Nos quatro primeiros meses do ano, eu já contabilizei nas minhas leituras 16 livros. E o livro que eu reservei para falar nesta coluna para as Mommys foi exatamente o que eu mais gostei de ler neste período. Hibisco Roxo, da escritora nigeriana Chimamanda Ngozi Adichie, foi uma grande surpresa para mim e eu gostaria de compartilhar esse sentimento com vocês. Ela apresenta uma escrita maravilhosa e delicada, apesar de temas densos e tristes, envolvendo religião, relacionamento abusivo e muito fanatismo.
Estamos falando da Nigéria, um país da África ocidental, que tem a maior população cristã desse continente. Um país que teve colonização britânica já no final do século XIX e início do século XX. Sua independência aconteceu apenas em 1960, mergulhada em uma profunda guerra civil. Até o ano de 2011, o poder alternava-se entre ditaduras e civis democraticamente eleitos.
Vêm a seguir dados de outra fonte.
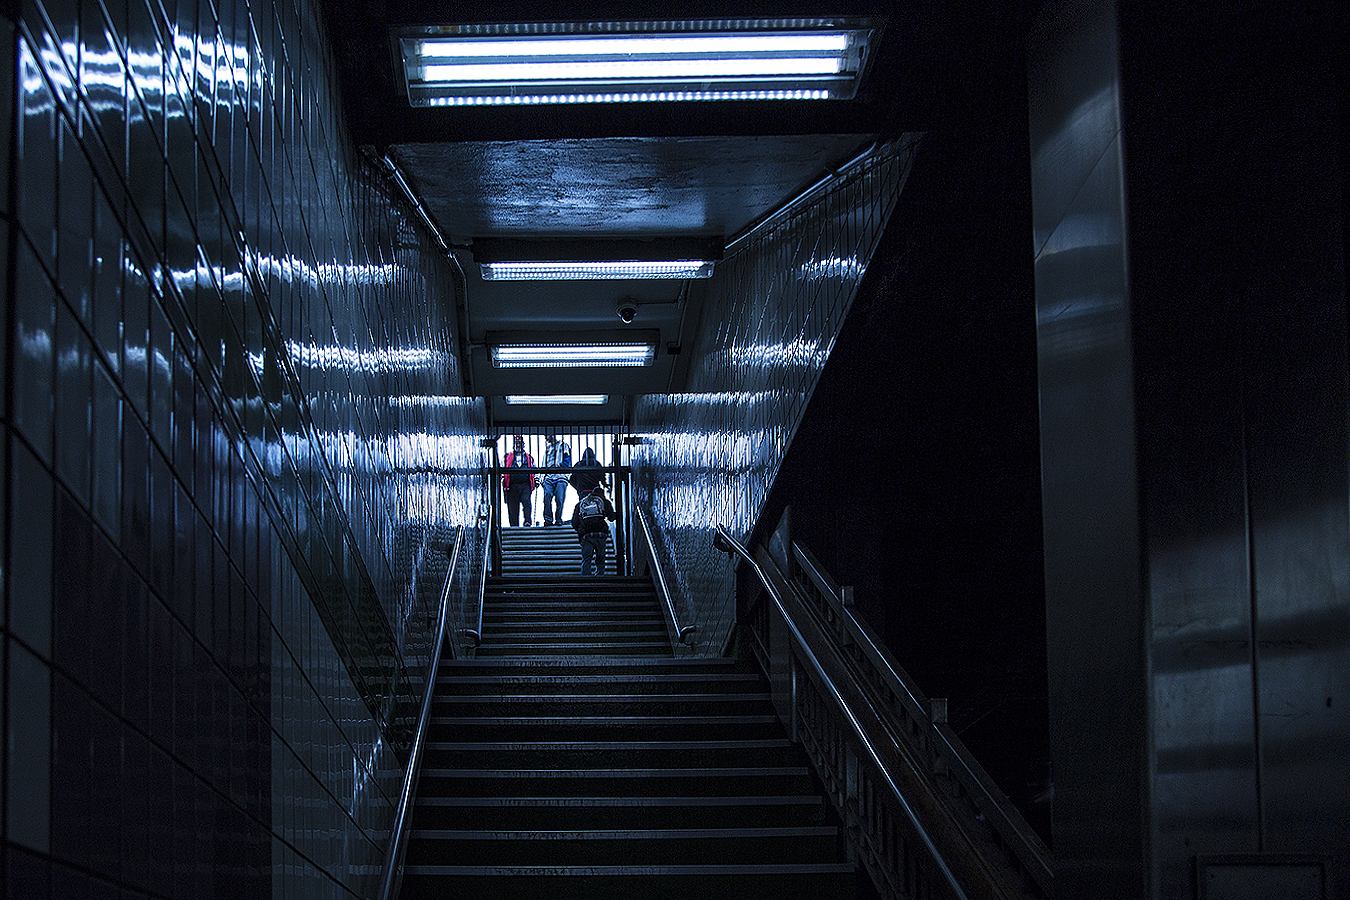 Jacob_Bennett_photography_transience_train_travel_philadelphia_commuters_platforms_danger_blur
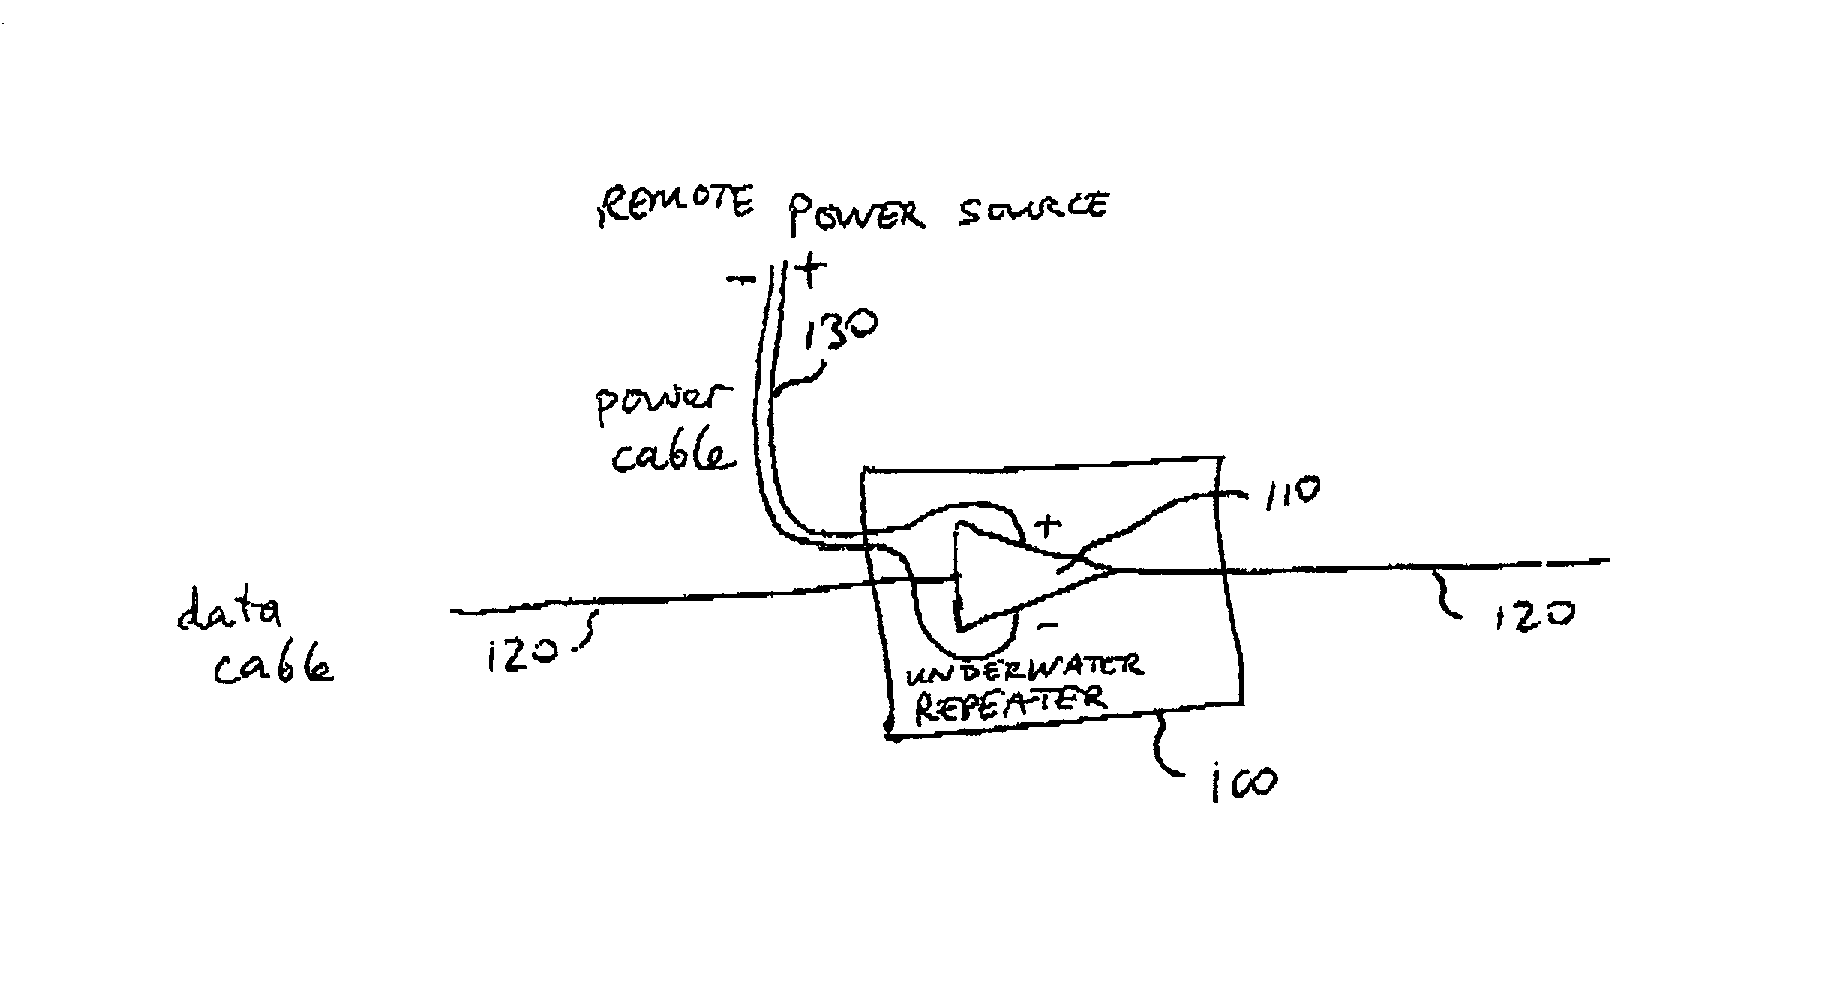 Telecommunications system power supply

A eleição presidenciável de 2011 foi a primeira a ser considerada verdadeiramente democrática e justa.
Esse país é dividido ao meio entre cristãos (sul) e mulçumanos (norte). Uma minoria da população pratica religiões tradicionais e locais, como as religiões Igbo e Iorubá.
É estranhamente injusto que a Nigéria, o sétimo país mais populoso do mundo, conhecido com “O gigante da África” por causa da sua produção econômica e por ser rica em petróleo, seja, ainda, esquecido pelo resto do mundo e pelos noticiários. E o pior disso tudo é que a maioria de sua população continue vivendo sob uma miséria absoluta. E é exatamente nesse contexto que se passa Hibisco Roxo, de Chimamanda.
Essa é a primeira obra da escritora nigeriana, publicada em 2003. Hibisco Roxo é um romance maravilhosamente bem escrito pela autora nigeriana, que traz questionamentos importantes e informações sobre um país africano pouco conhecido por nós.
O livro mostra as consequências do fanatismo religioso empregado em um núcleo familiar e até onde as pessoas podem chegar quando oprimem e exercem violência em nome de Deus. Mostra também a que ponto elas chegam quando são submetidas a relacionamentos abusivos e à opressão.
A história se passa na Nigéria. Sob influência da colonização branca, um patriarca, religioso fanático do catolicismo que rejeita os costumes locais, oprime a própria família (esposa e dois filhos) e imprime nessa relação um padrão extremamente rigoroso de comportamento e obediência, com punições severas em caso de descumprimento e um grande nível de sentimento de culpa. A punição é física e psicológica, sempre em nome de Deus. A narrativa é feita em primeira pessoa por Kambili, a filha mais velha, e ela mostra como o seu pai foi destruindo tudo e todos que estavam bem próximos a ele, em uma mistura de fé, medo e superproteção.
O título faz referência, de forma superdelicada, de como os filhos dessa família desabrocharam, assim como a muda de Hibisco Roxo que foi dada ao caçula Jaja pela sua tia Ifeoma, personagem crucial para esse desabrochar de vida.
Esse livro mostra como essas crianças, protagonistas dessa história foram destituídas de identidade. Jaja e Kambili não tinham vontade própria, desejos, aspirações. Eram robôs conduzidos pelo pai. Assim, como a mãe.
Mas, até quando um ser humano pode suportar tamanha opressão, mesmo amando verdadeiramente aquele opressor? Até conhecer a vida.
Essa é uma história que mostra uma família que se ama. De verdade. Oprimidos e opressor se amam. No entanto, em nome de Deus, a obediência deve vir em primeiro lugar. E os castigos pela desobediência são monstruosos. Aqui, o opressor acredita que essa é a condução correta para a educação dos filhos e, também, para o relacionamento com a sua mulher. E essa é a complexidade dessa história.
Além disso, esse patriarca rico vive de forma abundante, diferente de grande maioria do país, inclusive de sua família, que vive grandes restrições. E ele, no decorrer da narrativa, dá algumas migalhas aos mais pobres. Muitas vezes, as limitações da família é tão acentuada, que seu pai (um personagem desprezado pelo filho por não seguir a mesma religião) não tem nem o que comer.
Esse livro, além de ter sido o melhor que eu li neste ano de 2019, entrou para o rol dos meus favoritos da vida. Leitura fortemente recomenda.